SE - Computational Methods for Text Stemmatology
Univ.-Prof. Dr Tara L Andrews, Dott.ssa.mag. Elisabetta Magnanti
Florian Klement & David Siegl
Difference Matrices and Leitfehler-detection: The longest common subsequence and measures of uniqueness
Converting and Adapting Dieter Bachmann's & Philipp Roelli's Perl Script to Python
Introduction:
Our aim with this project was to contribute to the larger whole of the stemmatological community in a structural way that would continue to carry a lasting impact on the future approach of digital researchers, by promoting convenient and approachable practices to allow for a low-threshold of entry.
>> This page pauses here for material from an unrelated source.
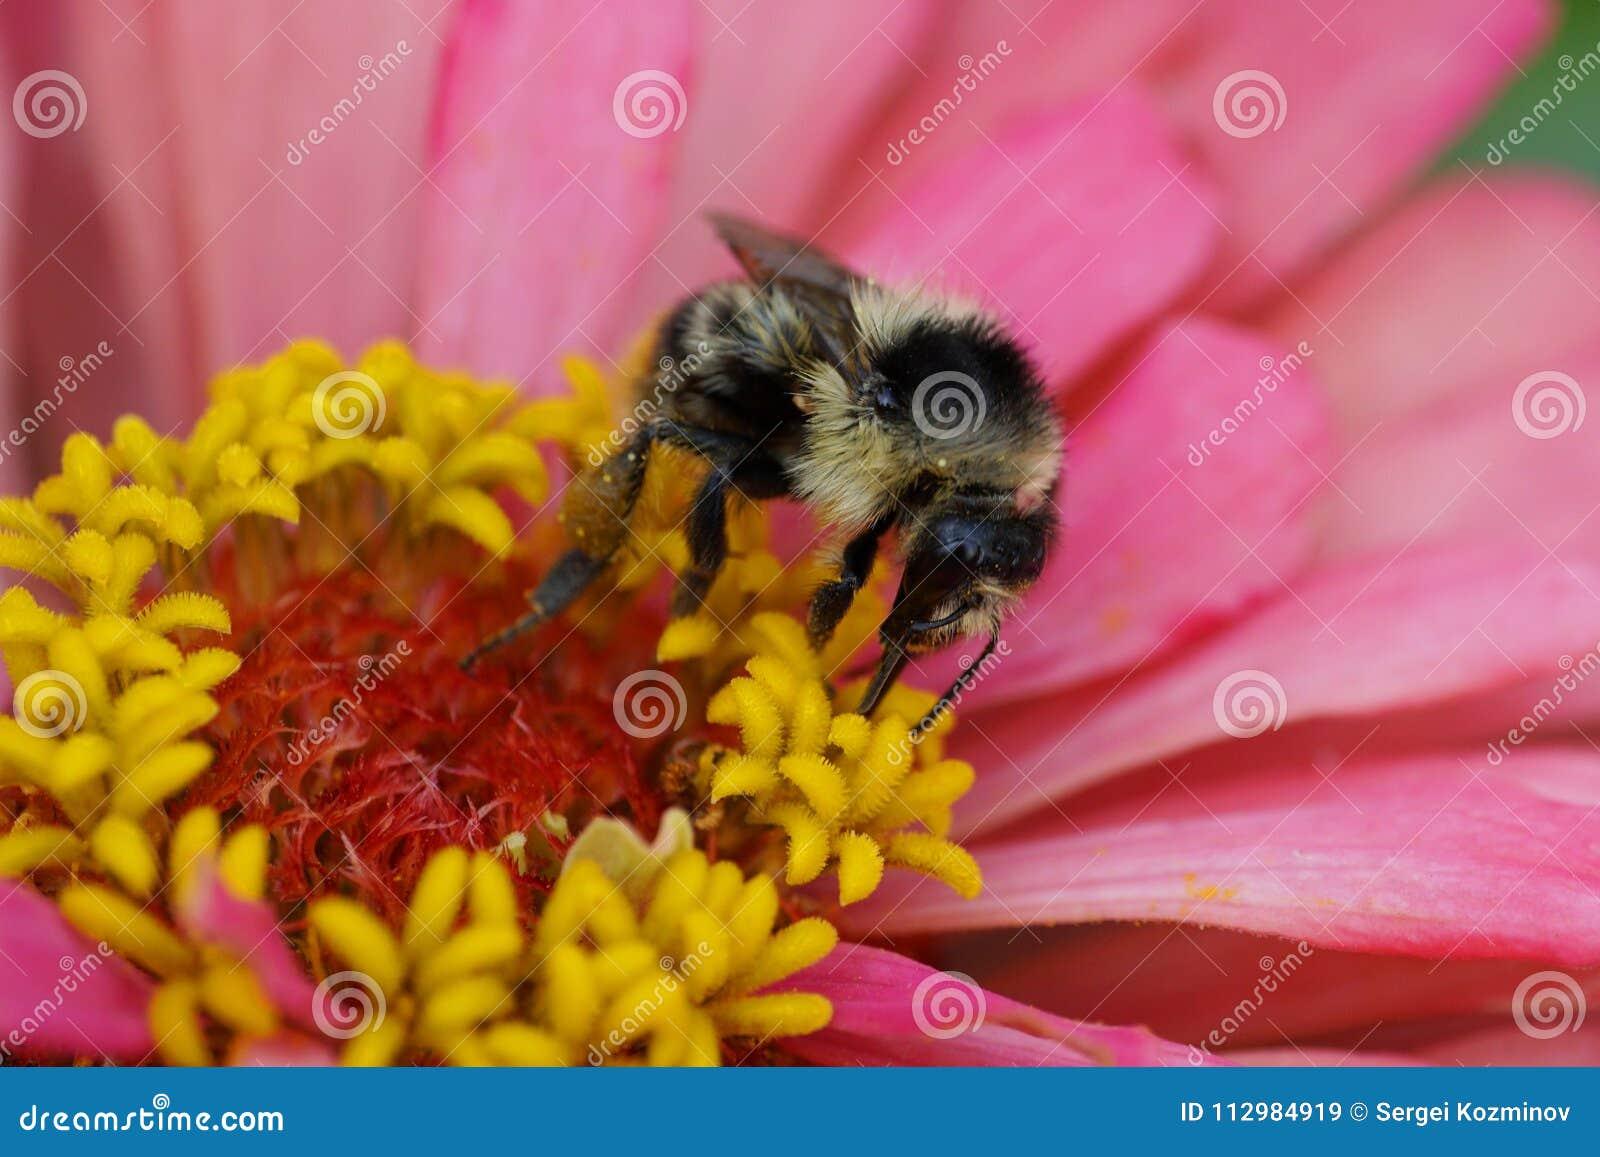 Macro view of Caucasian fluffy striped bumblebee Bombus serrisquama on yellow-pink Zinnia

The topic we chose, the script by Roelli and Bachmann, carries weight through the utility it offers practitioners since 2010, yet parts of its merits are marred by the constraints imposed on its users due to the language barrier they might see themselves confronted by when having to use Perl, a scripting language that has fallen out of favour with the scientific community in recent years. Thus, our main effort lies in being able to allow the implementation by Roelli & Bachmann, which was written for a specific project in mind (i. e. comparing Latin texts), to reach a much broader audience of digital researchers from different backgrounds and empower them to adapt the quality of their results via individual adjustments fitting for their respective language of research and tradition. Our realisation of it offers more flexibility in terms of implementing additional features, like a parameterized version of the letters or terms to be substituted for one another, within the normalisation and general preprocessing steps, as well as additional freedom of choice in substitutions and connectivity by making use of Python's rich ecosystem and community. It was especially important for us to streamline and standardise the procedure of generating I/O within the creation of digital stemmas and its surrounding analyses.
The algorithm diff, created by Ned Konz, on which the works of Roelli and Bachmann build upon shares caveats in its application with more commonly used methods of stemmatology, as well as those borrowed from phylogenetics and still struggles with inconsistencies and lacunae. Diff operates on the basis of pairwise juxtaposition, whereas each manuscript is compared with another in order to compute a quantitative relatedness of the whole corpus. The basic notion of mathematical distance calculation is expressed via the so-called 'edit distance', referring to a given difference between two strings expressed in the number of edits or basic operations necessary to transform the first text into the second or vice versa. This distance metric can in the most general sense be applied on a character level but, as Roelli and Bachmann also point out, when it comes to stemmatological analysis, it seems more plausible to operate on a word level. - i. e. different manuscripts are considered as ordered lists of words in order to compare them. In a more practical sense the edit distance should therefore reflect the number of deletions or insertions made by a scribe, while the final result of the edit distance computation should in the end return the measure of distance connecting any two manuscripts in the shape of a matrix.
Among others, Roelli's & Bachmann's implementation added to it further adaptations in order to bring the algorithm closer in line with the practices of scribal transmission and general features for the preprocessing of natural language textual witnesses. (Cf. Roelli & Bachmann, 2010, 315-317)
Our modification opted to drop diff altogether, given that the input format has been adapted from plain text, to the readily available shape of output automated collation tools like Collatex provide. In this shape, the alignment and standardisation of traditions is already taken care of and the act of comparison and weighting is a simpler procedure, which can do without requiring additional, external packages.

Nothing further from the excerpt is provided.